GOAL OF THE EXERCISE:
Out of the material that follows, write out exactly the lines from the line with "J-CASTニュースセレクション24『続・仰天韓国』" to the line with "Dos bomberos intentan", both ends included, and no others.
*** Opening AVAILABLE RECORDS ***
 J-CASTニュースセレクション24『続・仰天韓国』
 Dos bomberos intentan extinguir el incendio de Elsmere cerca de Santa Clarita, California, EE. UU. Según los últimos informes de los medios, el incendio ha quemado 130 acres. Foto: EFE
*** Closing AVAILABLE RECORDS ***
*** Opening AVAILABLE RECORDS ***
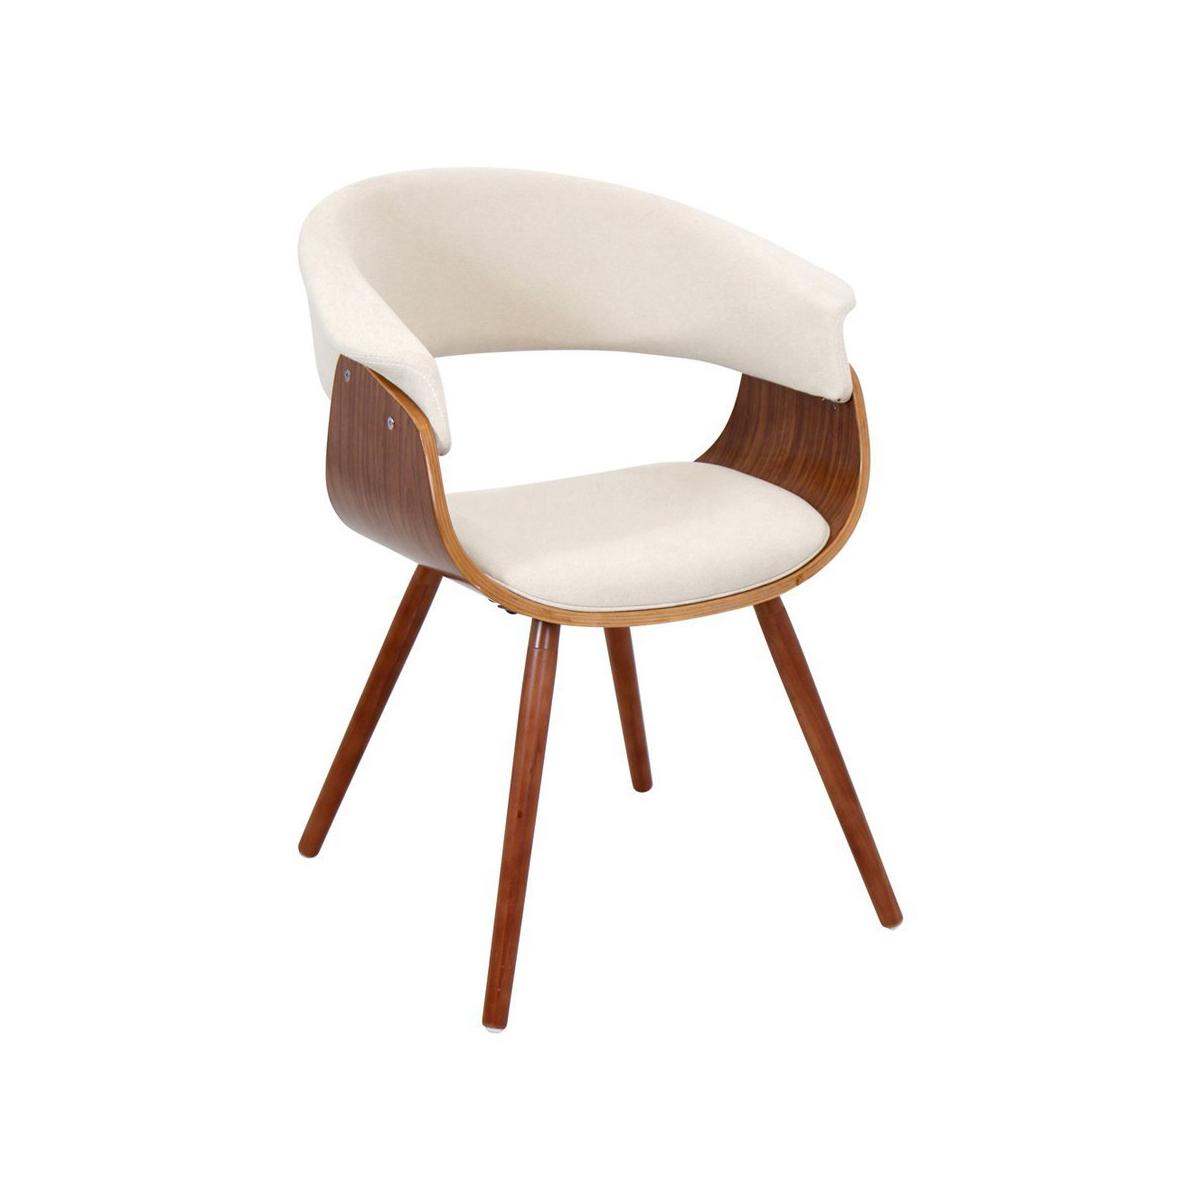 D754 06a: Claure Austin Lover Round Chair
*** Closing AVAILABLE RECORDS ***
TASK OUTPUT:
 J-CASTニュースセレクション24『続・仰天韓国』
 Dos bomberos intentan extinguir el incendio de Elsmere cerca de Santa Clarita, California, EE. UU. Según los últimos informes de los medios, el incendio ha quemado 130 acres. Foto: EFE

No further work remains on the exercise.